> **Data shown**:

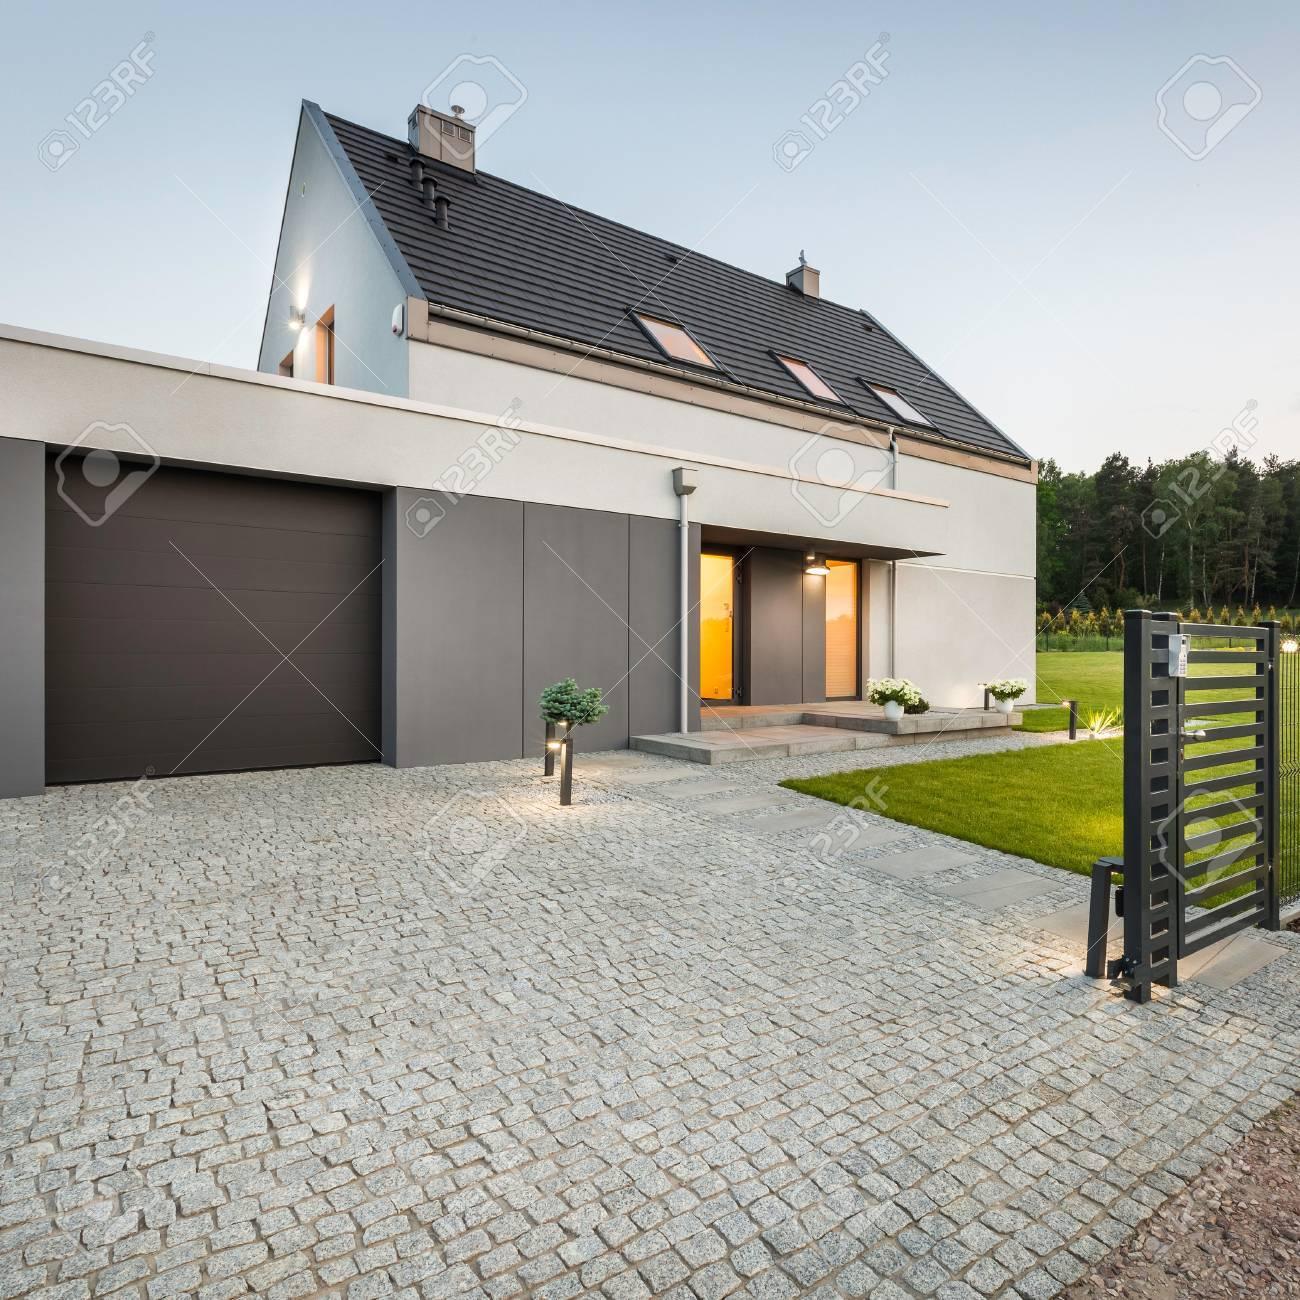 Künstlerisch Garage Am Haus Dekoration Von Stein Einfahrt, Und Großem Garten Design-, Außenansicht
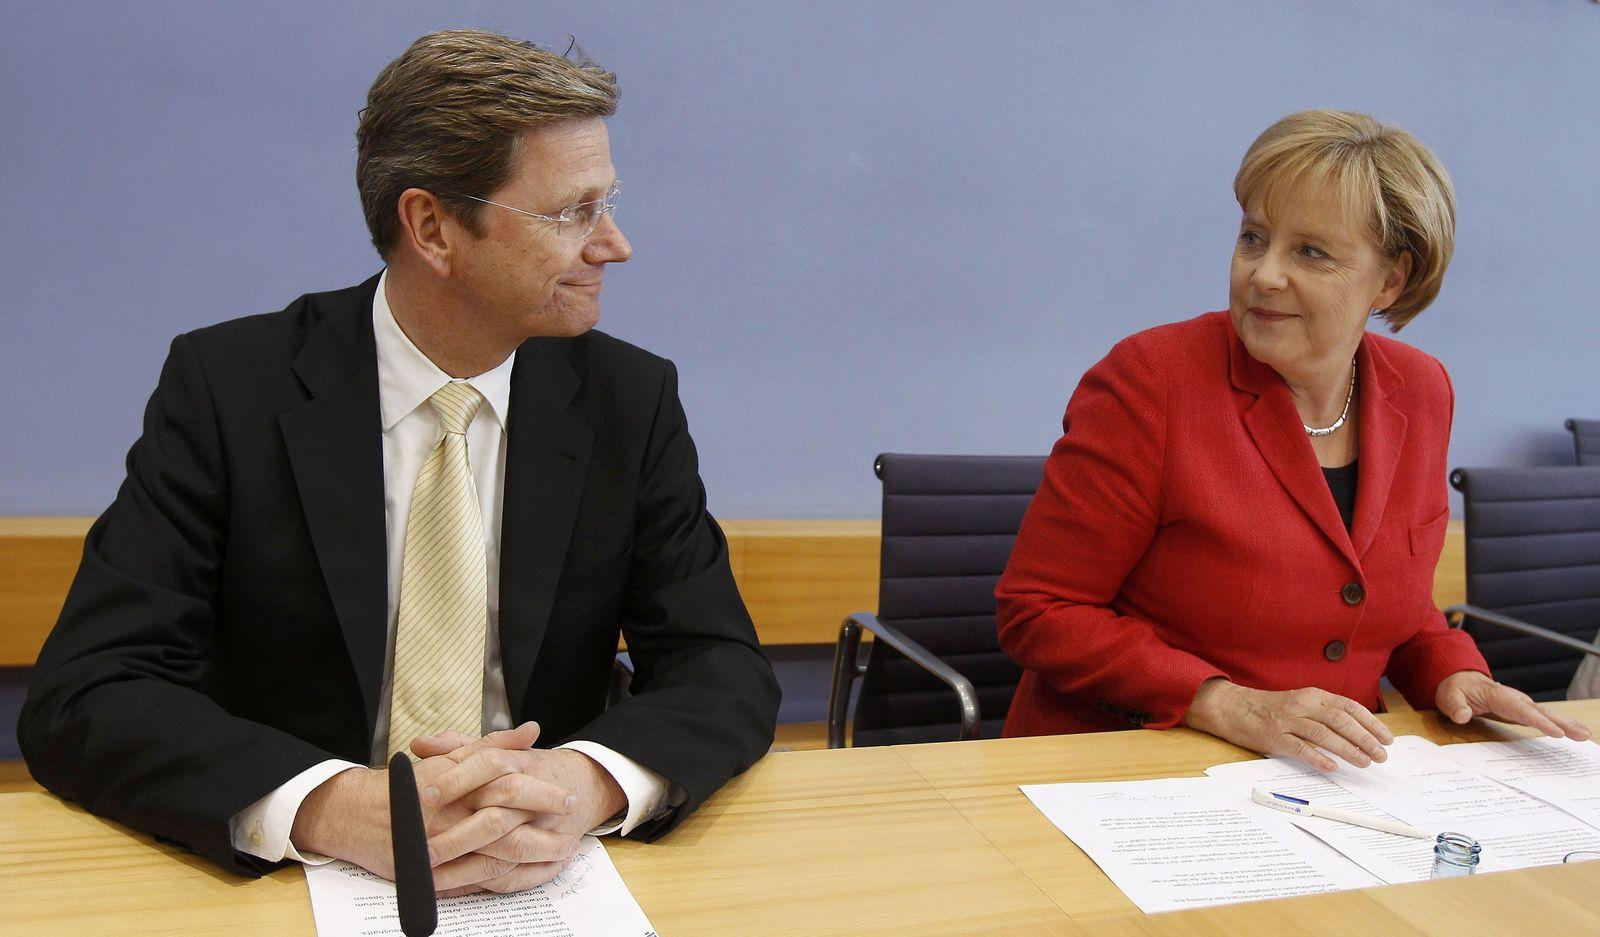 Westerwelle/ Merkel/ BPK
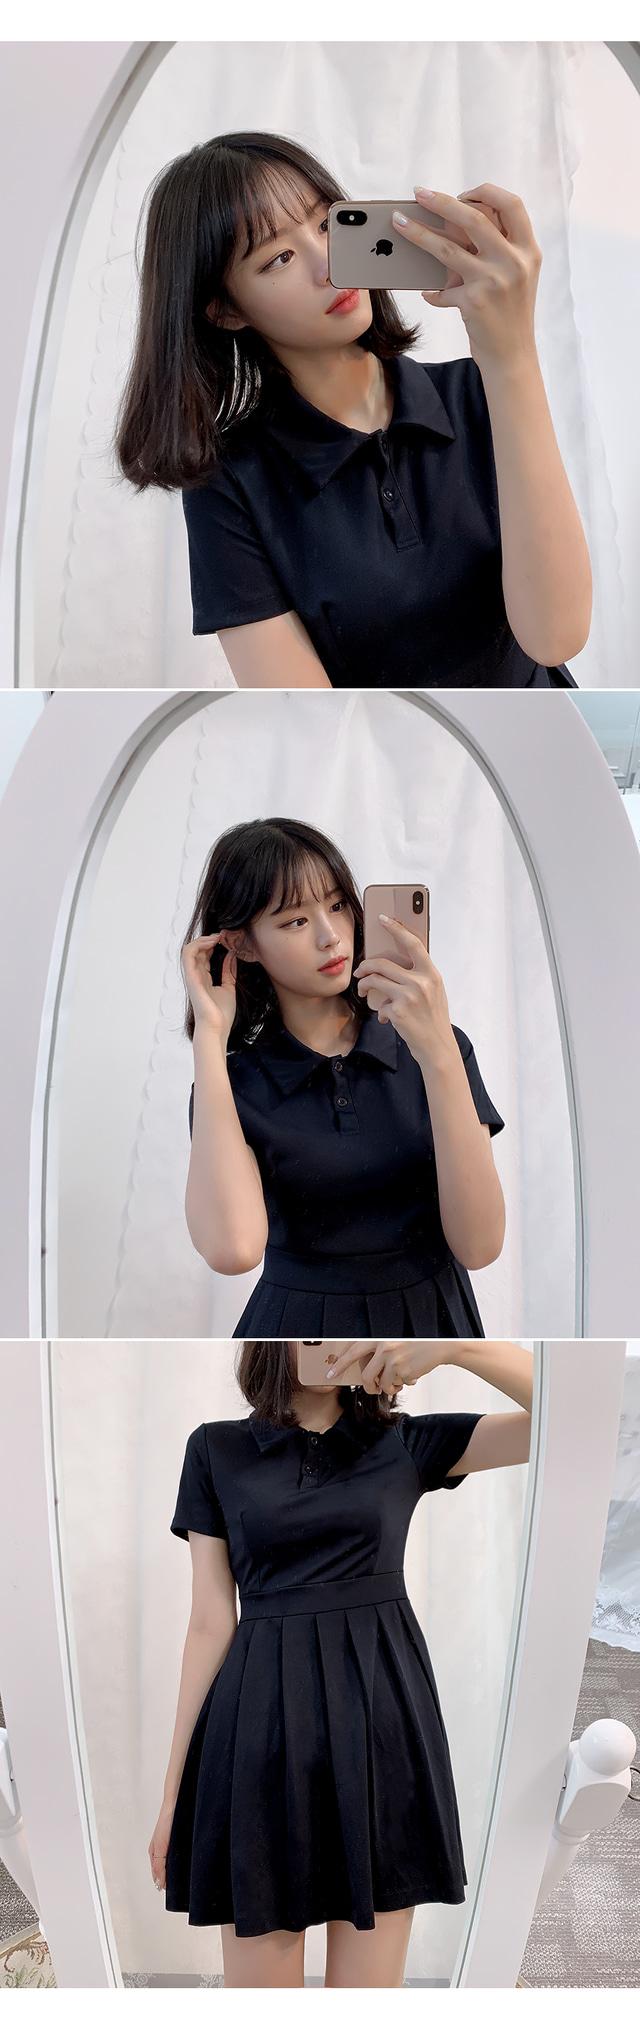 Order runaway ♥ Kara tennis mini ops

> **Task requirements**:
The data above should be restated exactly, with its images dropped.

> **Output of the exercise**:
 Künstlerisch Garage Am Haus Dekoration Von Stein Einfahrt, Und Großem Garten Design-, Außenansicht
 Westerwelle/ Merkel/ BPK
 Order runaway ♥ Kara tennis mini ops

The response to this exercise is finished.